Los hijos del tiempo

Otra vez el rugido de los aviones. Otra vez las sirenas, los cuerpos bajo los escombros, la diplomacia del plomo

Otra vez el rugido de los aviones. Otra vez las sirenas, los cuerpos bajo los escombros, la diplomacia del plomo. Estados Unidos volvió a intervenir en Irán.

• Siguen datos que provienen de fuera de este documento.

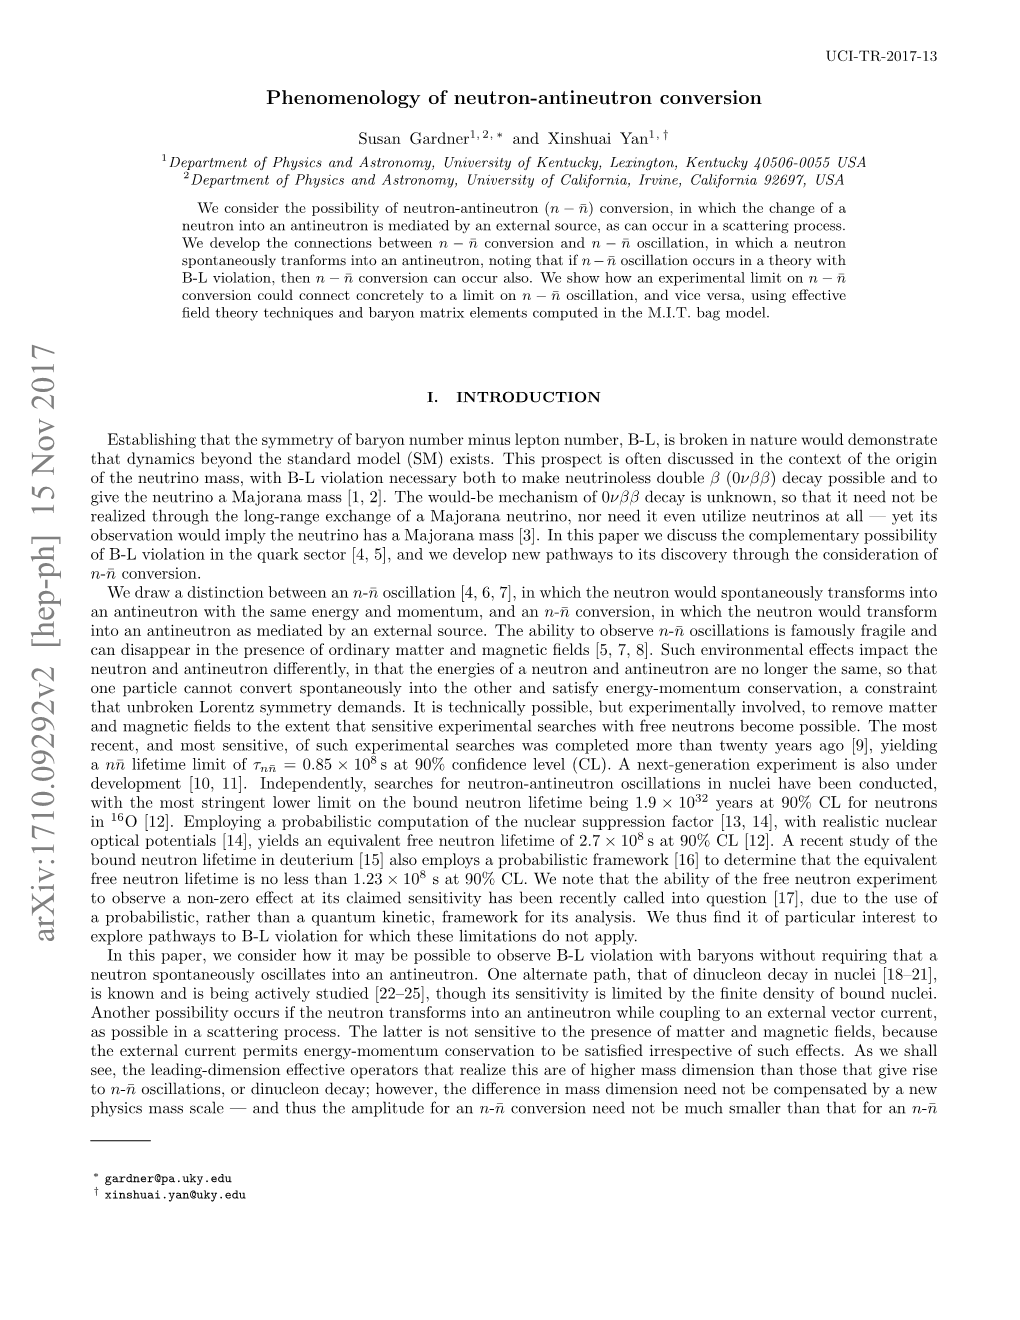 Phenomenology of Neutron-Antineutron Conversion

Otra justificación, otra excusa vieja vestida de nuevo. Dicen que es por las armas nucleares. Siempre por las armas nucleares. Pero todos sabemos que las bombas no caen por miedo, sino por poder.

Occidente ha tejido su relato como un tapiz de mentiras nobles: democracia, derechos humanos, libertad. Palabras hermosas que, al tocar tierra árabe, se convierten en fósforos. En Irak prometieron liberar al pueblo. Hoy, lo que dejaron fue un cementerio abierto y una nación rota. El uranio empobrecido usado en sus municiones no se fue con los soldados: se quedó en la sangre. El cáncer -la leucemia- brota ahora de las venas de los niños iraquíes, como una maldición que no merecen.

Pero antes de invadir, armaron. Armaron a Sadam Husein para luchar contra Irán. Lo fortalecieron, lo financiaron, lo aplaudieron. Y cuando ya no les sirvió, lo demonizaron. Lo derrocaron. Lo ahorcaron. Lo olvidaron. Así funcionan los imperios: crean monstruos y luego los matan, no por justicia, sino por conveniencia.

Lo mismo ocurrió con Gadafi. El líder libio tenía defectos evidentes -un culto personal grotesco, un harem que no merece justificación- pero también tenía un país con educación gratuita, salud pública, vivienda asegurada. Libia, antes de la intervención, era un faro de bienestar comparado con lo que vino después. Hoy es un Estado colapsado, fragmentado, esclavizado.

Y qué decir de Yemen, de Gaza, de Siria. Pueblos enteros que han sido reducidos a escombros, a hambruna, a cenizas. Antes de la llamada Primavera Árabe, muchos de estos pueblos vivían con dignidad, aunque no con libertad. Pero la libertad que trajo Occidente fue de mercado, no de alma. Fue pólvora.

No se puede imponer una democracia con drones. No se puede imponer una visión del mundo a pueblos que tienen sus propias raíces, sus propias heridas, sus propios tiempos. ¿Cómo decirle a un musulmán devoto que hombre y mujer son iguales ante la ley, cuando su tradición -su creencia- aún no lo permite? ¿Qué valor tiene la igualdad si se impone con bayonetas y sin respeto?

Los pueblos deben equivocarse solos. Aprender solos. Despertar a su manera. A su ritmo. Nadie tiene el derecho de bombardear el calendario de otro.

Y debemos también, desde la izquierda, dejar de desechar las luchas populares solo porque sus líderes no cumplen con la ética contemporánea que hoy dictamos desde nuestras trincheras digitales. Gadafi tenía sombras. El Che también. Rechazaba abiertamente a la comunidad LGBTQ, y eso duele, eso se condena. Pero también luchó contra la injusticia, contra el saqueo, contra el amo imperial. Fue un hijo de su tiempo, como todos nosotros lo somos del nuestro.

No podemos exigir pureza histórica a quienes enfrentaron al monstruo con fusiles y sin manuales de corrección política. No se trata de santificar, sino de comprender. De reconocer la complejidad de los pueblos y sus líderes. De aceptar que una causa puede ser justa, incluso cuando su estandarte esté manchado.

Y cuando miro hacia América Latina, reconozco los mismos patrones. El mismo títere, la misma mano. En Honduras, en Chile, en Bolivia, en Nicaragua, el dedo que señala, que impone, que derroca, es el mismo. Cuando conviene, apoyan. Cuando estorba, quitan. Los pueblos, otra vez, pagan el precio de ser hijos de un tiempo que no les pertenece.